Datos sobre las audiencias de décadas anteriores y estudios recientes sobre las actuales revelan que el número de personas que asiste a conciertos está disminuyendo, y que la edad promedio de ese grupo aumenta con el paso del tiempo. En otras palabras, cada vez está yendo menos gente a escuchar música clásica en vivo, y la poca que lo hace es cada vez mayor. El pronóstico de que este público sea relevado por otro más joven en definitiva resulta poco promisorio.

Apartando el hecho de que la preocupación de Dare pueda explicarse desde su posición de líder de la estructura administrativa de una orquesta sinfónica, su inquietud también radica en que, en medio de la difícil situación económica que afecta la sobrevivencia de muchas organizaciones culturales a nivel mundial, el público parece no haber tomado aún conciencia de que también tiene la responsabilidad de atraer a nuevas personas al fascinante mundo de la música tocada por orquestas.

Lo que pasa es que es menos probable que más personas se sumen a dicha experiencia, si al visitar un recinto por primera vez cuentan con el rechazo de una audiencia que se maneja por un estricto código de conducta que, en ocasiones, llega a ser ciertamente absurdo.

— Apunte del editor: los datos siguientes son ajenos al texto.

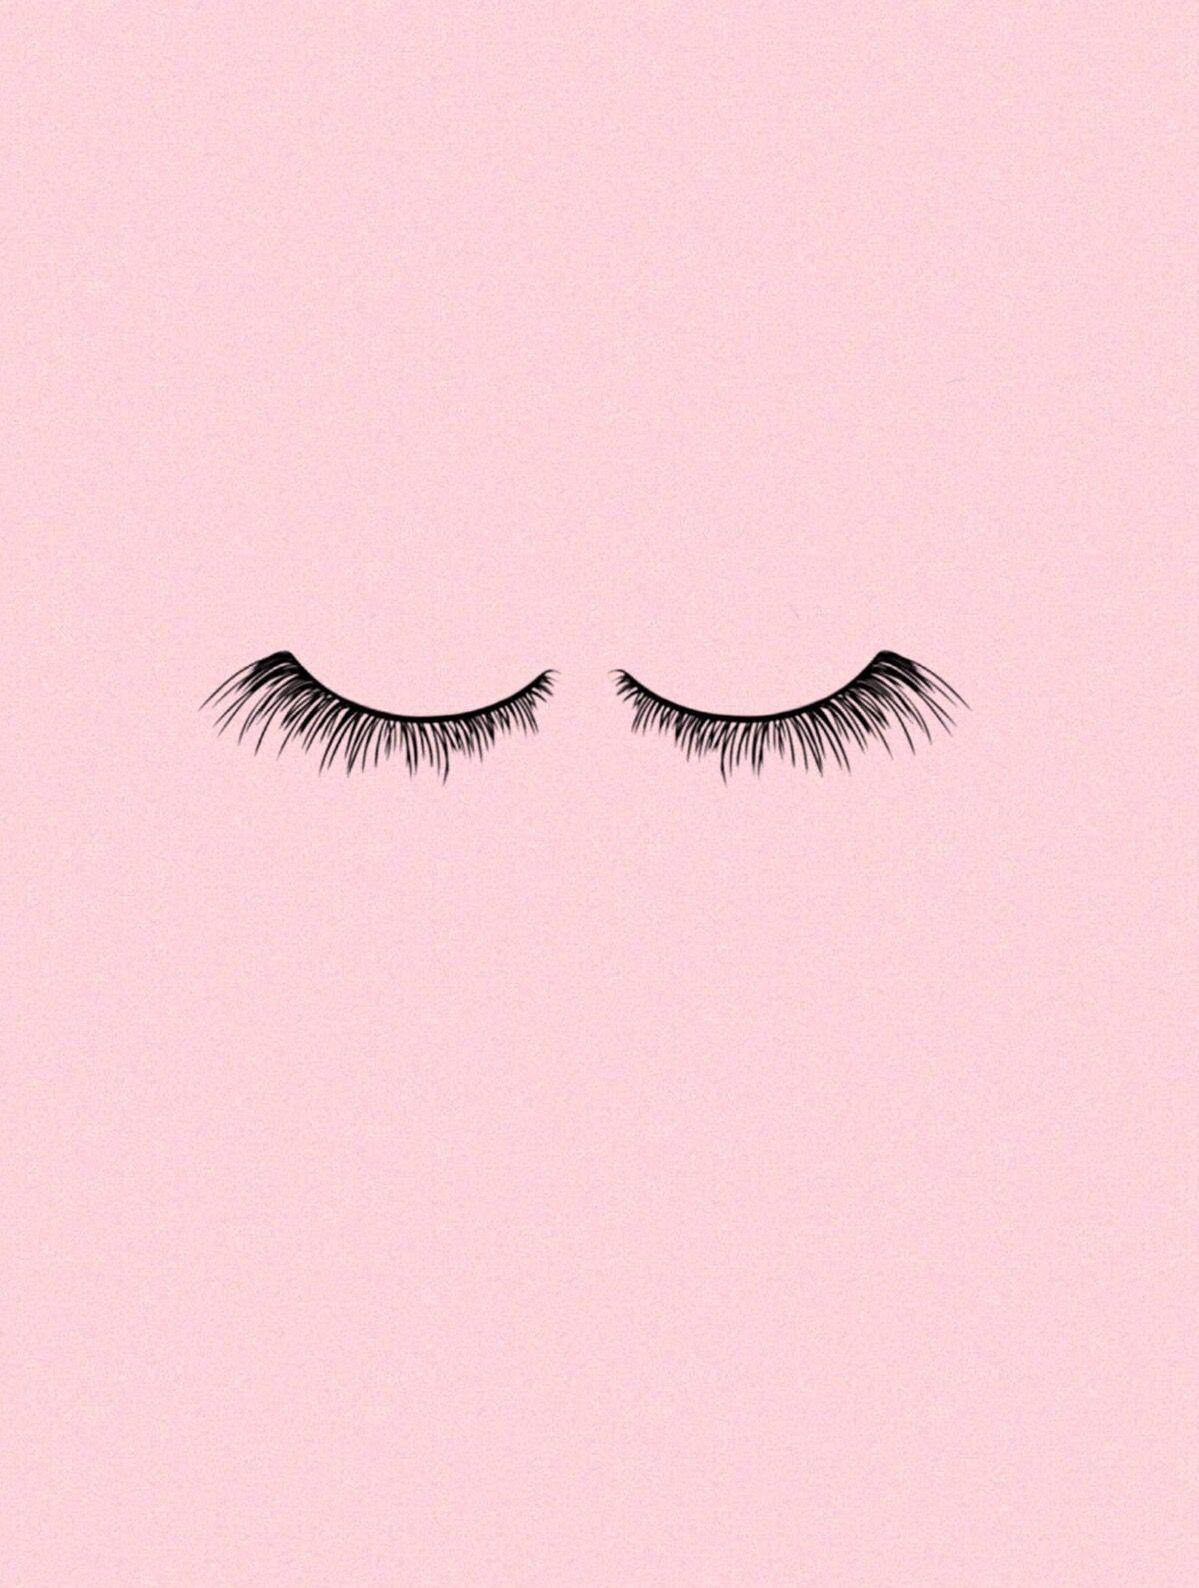 Aesthetic Baby Pink Background : aesthetic, background, Aesthetic, Wallpapers, Backgrounds, WallpaperAccess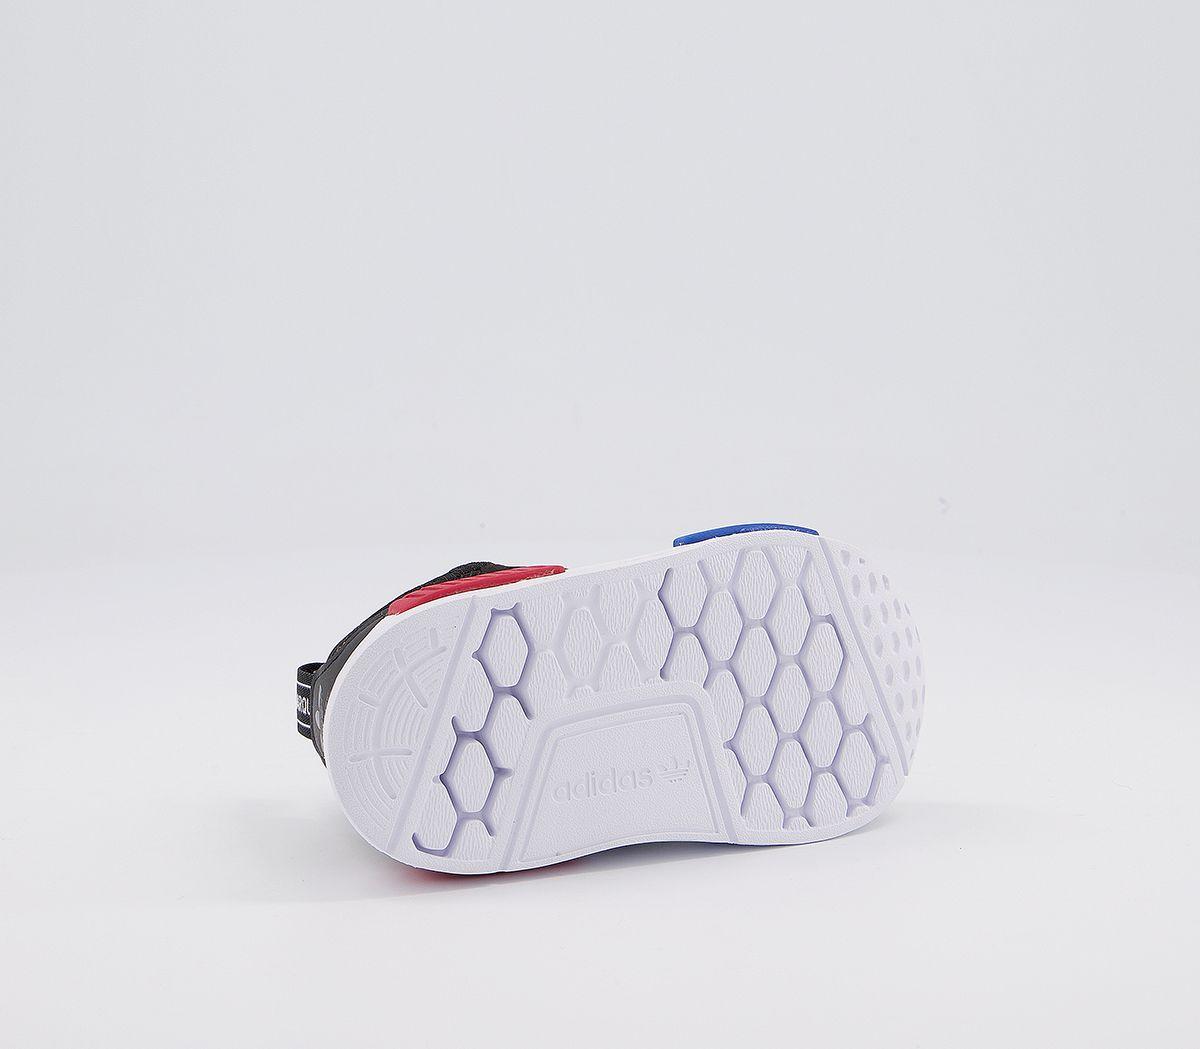 Kids-Adidas-Nmd-360-I-Infant-Trainers-Core-Black-Kids thumbnail 8

¿Cuándo aplaudir? ¿Cómo ir vestidos a un concierto? ¿Cómo debe uno comportarse durante estas presentaciones? Todas estas son interrogantes que pueden agobiar a las personas que estén iniciándose en la música clásica, y la severidad que predomina en estas experiencias causa más rechazo que bienvenida. Además, este protocolo se ha agudizado en los últimos tiempos. A mediados del siglo XIX, los públicos solían aplaudir en cualquier momento si tenían las ganas de hacerlo. De hecho, lo hacían de manera muy similar a como se premia a los solistas en un conjunto de jazz donde la celebración es inmediata: se le aplaude al músico justo al terminar su solo.

El llamado de Dare generó una fuerte reacción por parte de personas que asisten con regularidad a estos conciertos, e inclusive muchas reprimendas vinieron de algunos músicos que forman parte de reconocidas orquestas. Esta reticencia, aunque entendible, es bastante elocuente del carácter demasiado conservador (yo me atrevería a decir que hasta anacrónico) que suele estar asociado a la música académica y que no contribuye para nada a la salud financiera -y social- de las orquestas.

Dare tuvo que escribir otro artículo en el que aclaraba que muchas de sus palabras se habían malinterpretado. No obstante, en ningún momento se disculpó por su llamado de atención, más bien lo reiteró haciendo énfasis en la necesidad de un cambio sustancial en la dinámica en que se desenvuelven los conciertos que ofrecen esas fascinantes pero complicadas organizaciones que son las orquestas.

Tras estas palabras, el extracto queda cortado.